>>
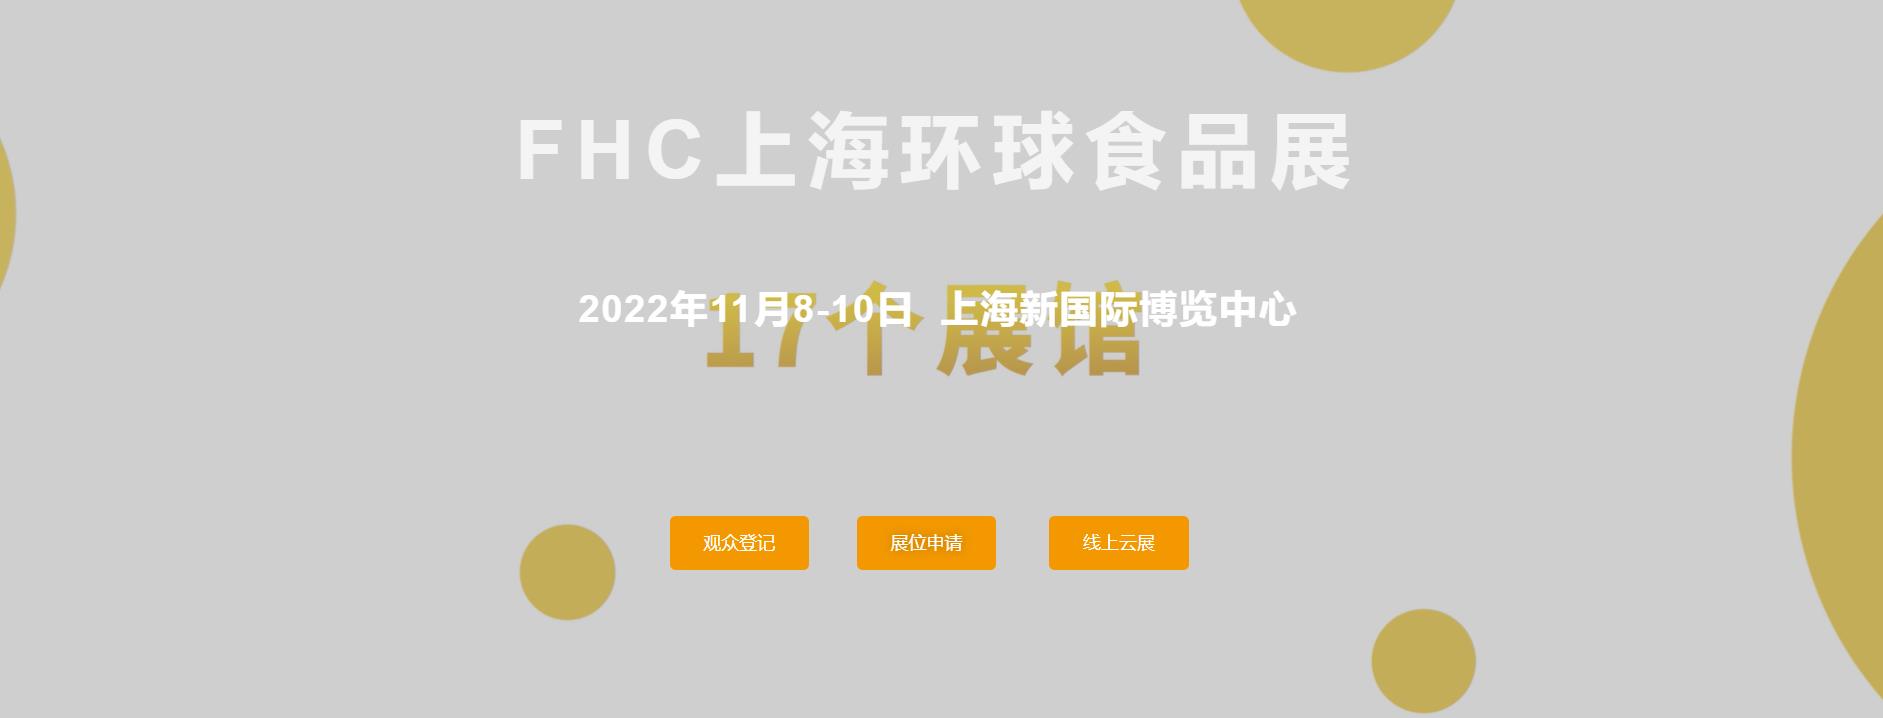 2022上海食品饮料餐饮展览会展位申请 摊位预定表
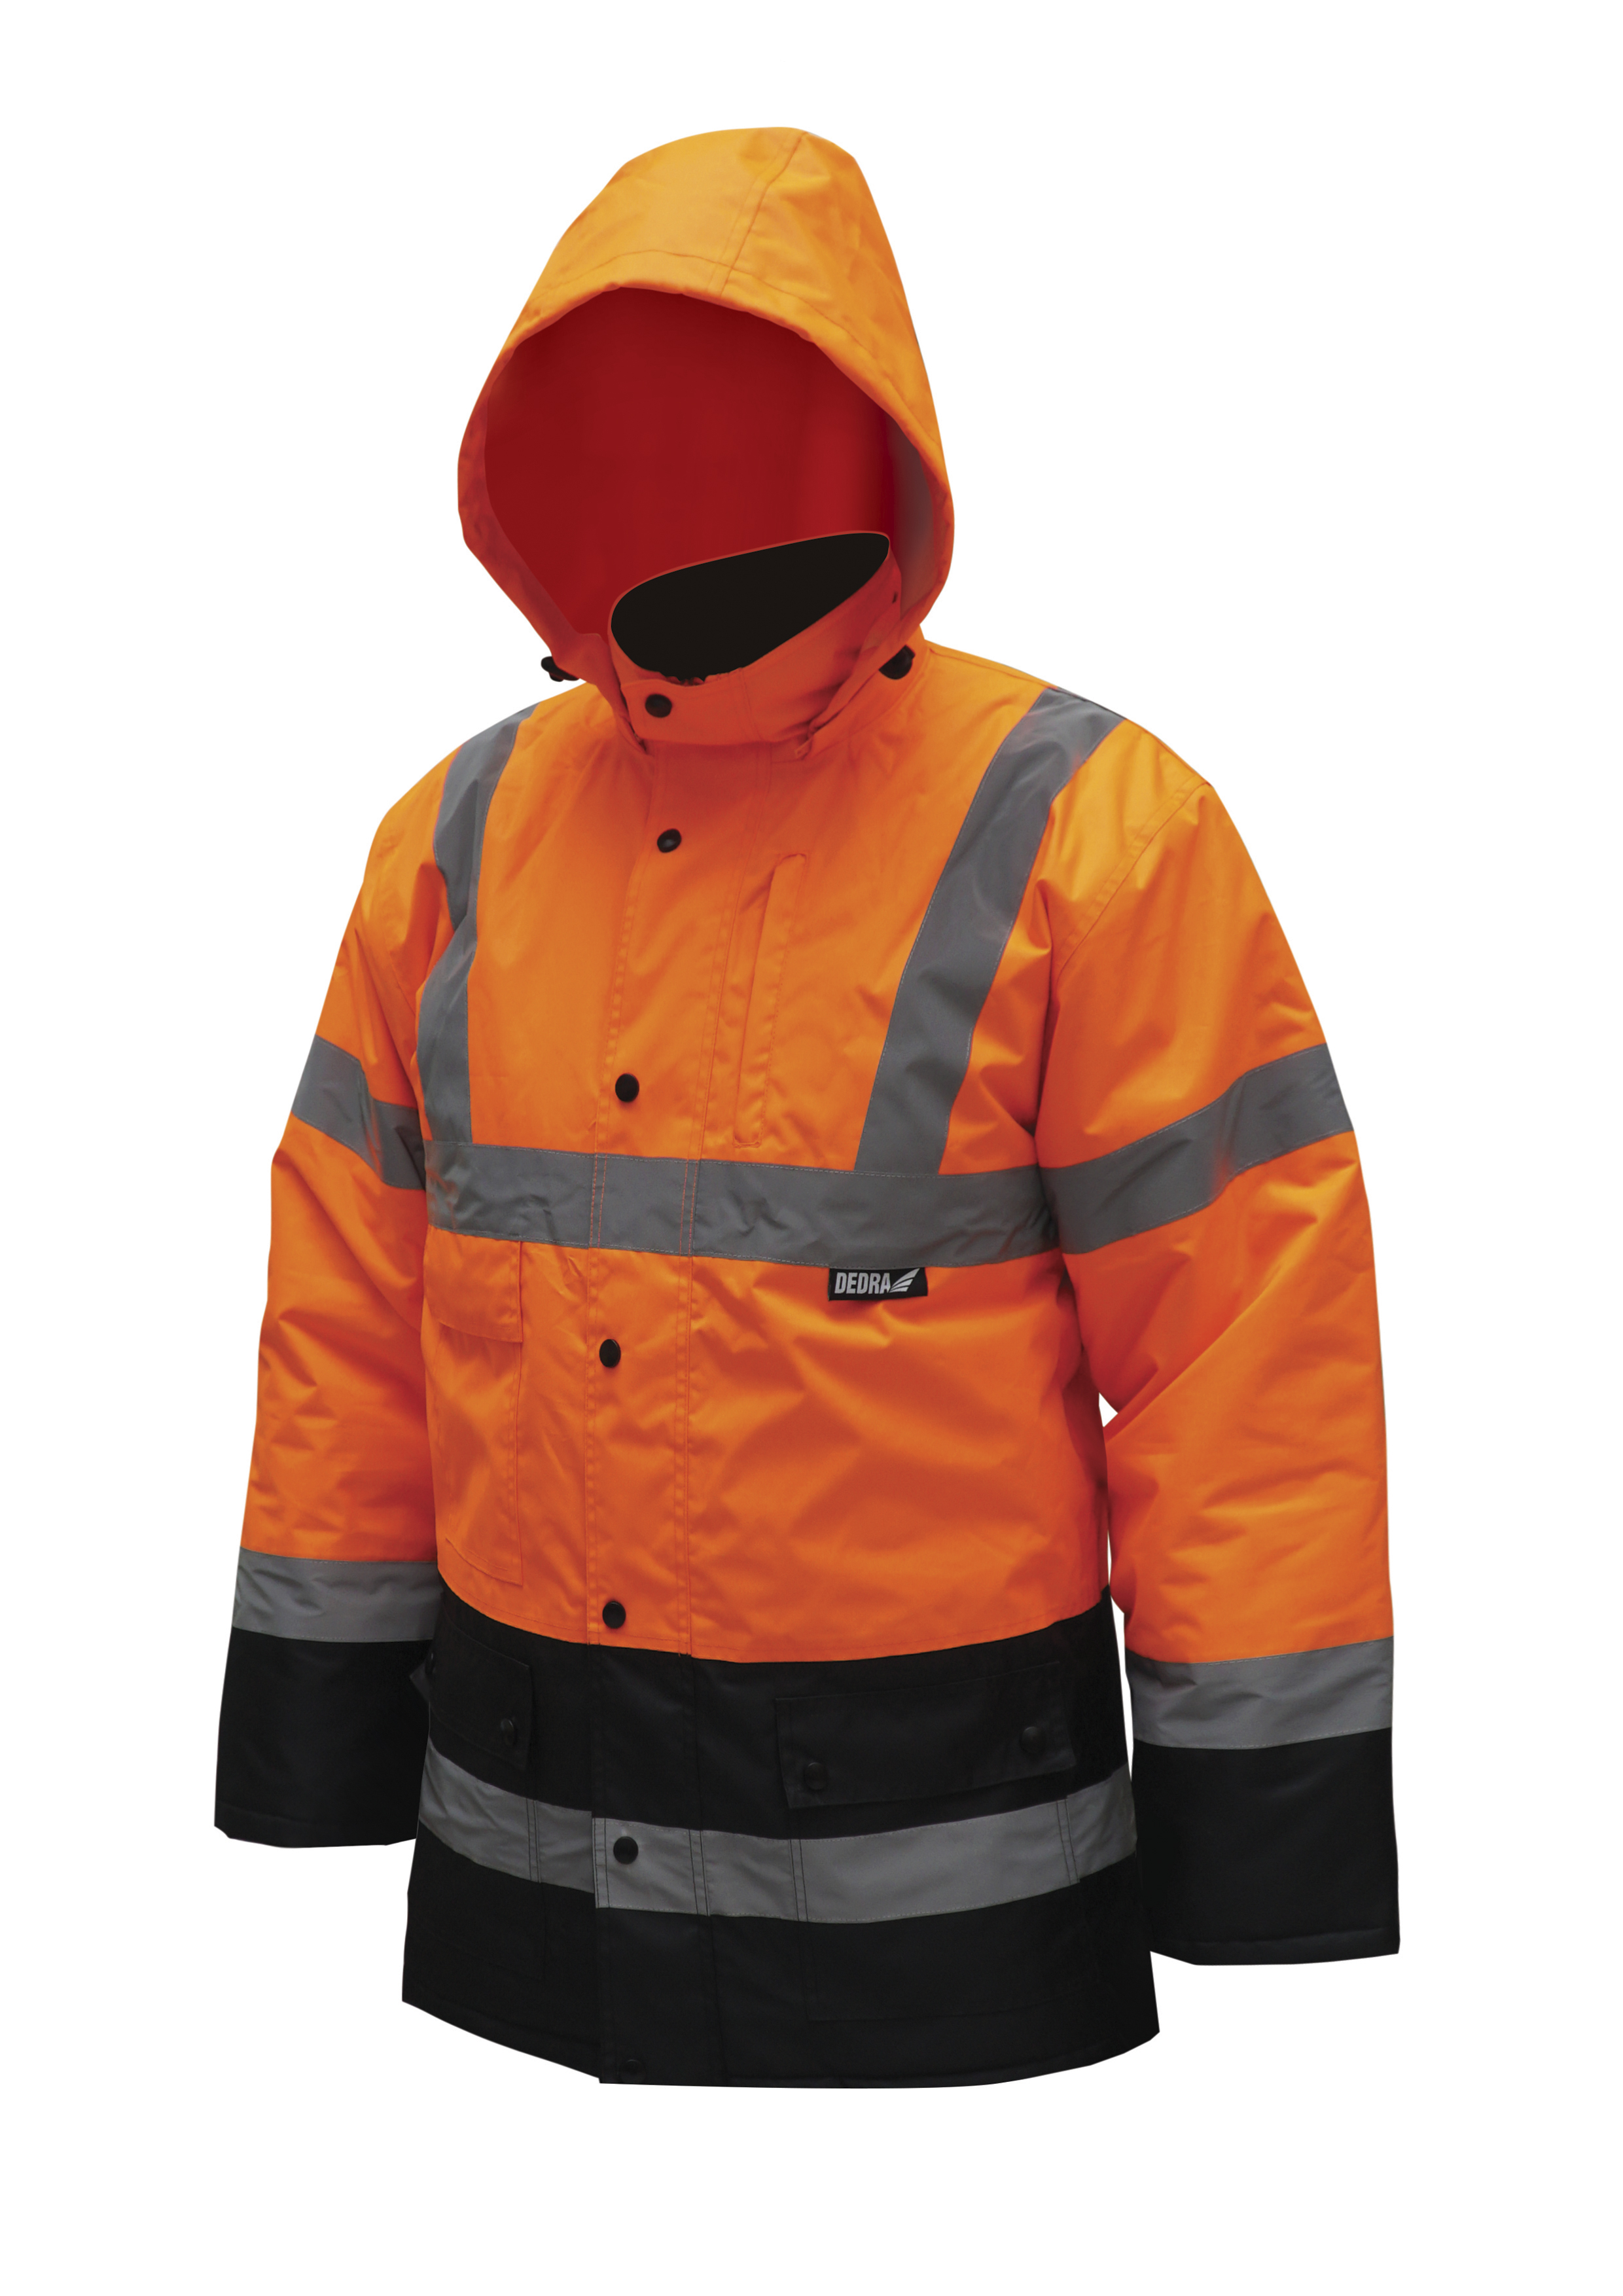 Reflexní zateplená bunda parka,velikost M,oranžová DEDRA BH80K4-M + Dárek, servis bez starostí v hodnotě 300Kč
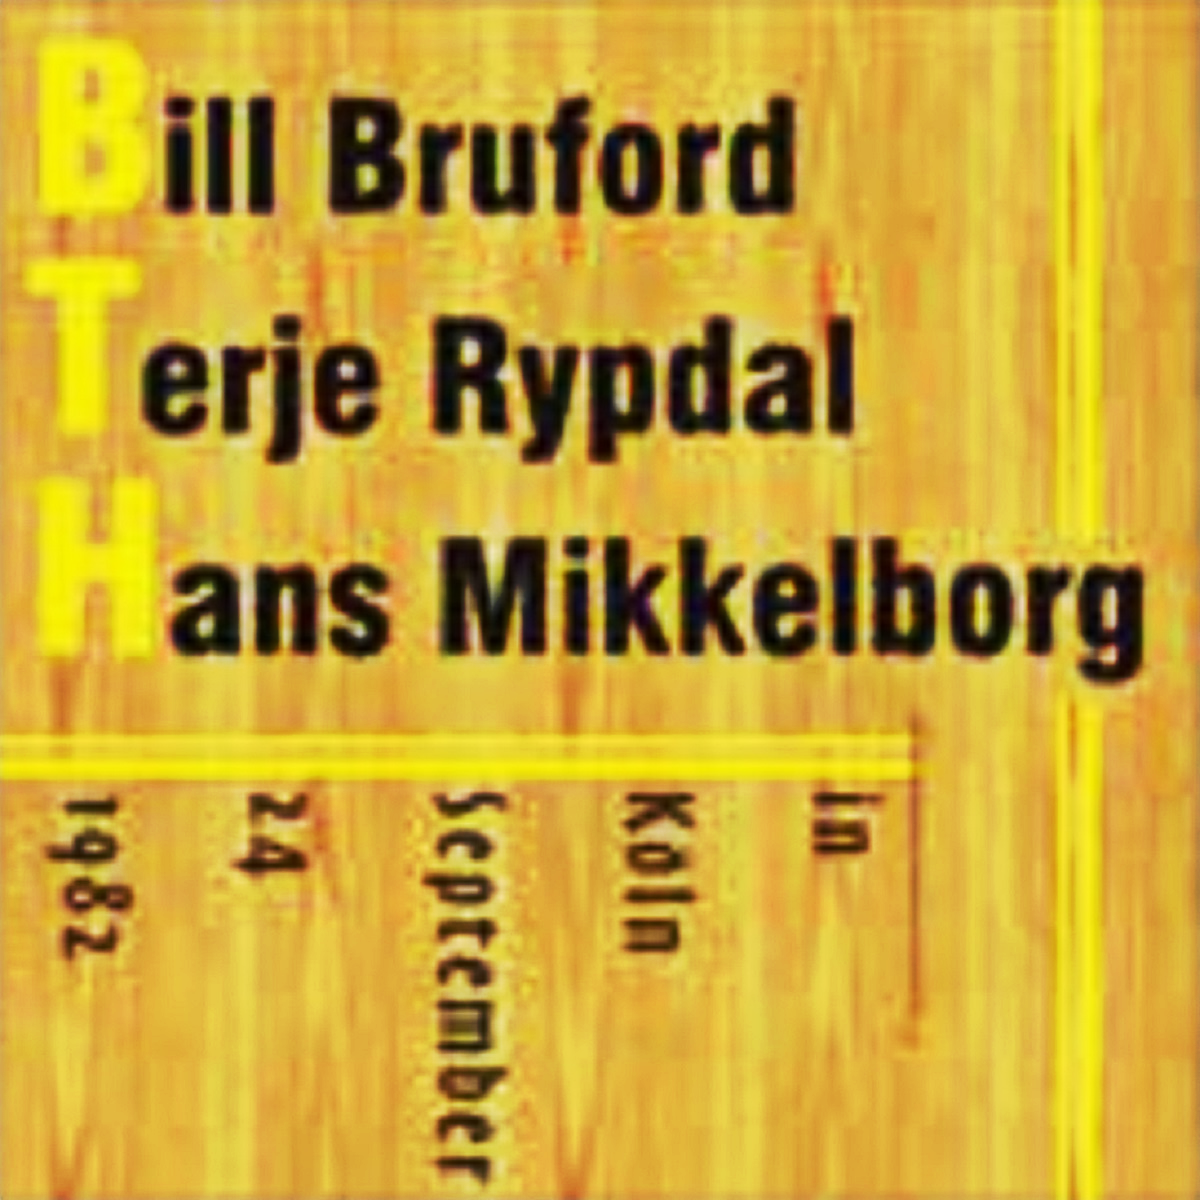 BrufordRypdalMikkelborg1982-09-24GrosserSendesaalKolnGermany.png
<<
Apart from the pictures, all of the data must be duplicated exactly as shown above.

▶ _Task response_:
 2022上海食品饮料餐饮展览会展位申请 摊位预定表
 Reflexní zateplená bunda parka,velikost M,oranžová DEDRA BH80K4-M + Dárek, servis bez starostí v hodnotě 300Kč
 BrufordRypdalMikkelborg1982-09-24GrosserSendesaalKolnGermany.png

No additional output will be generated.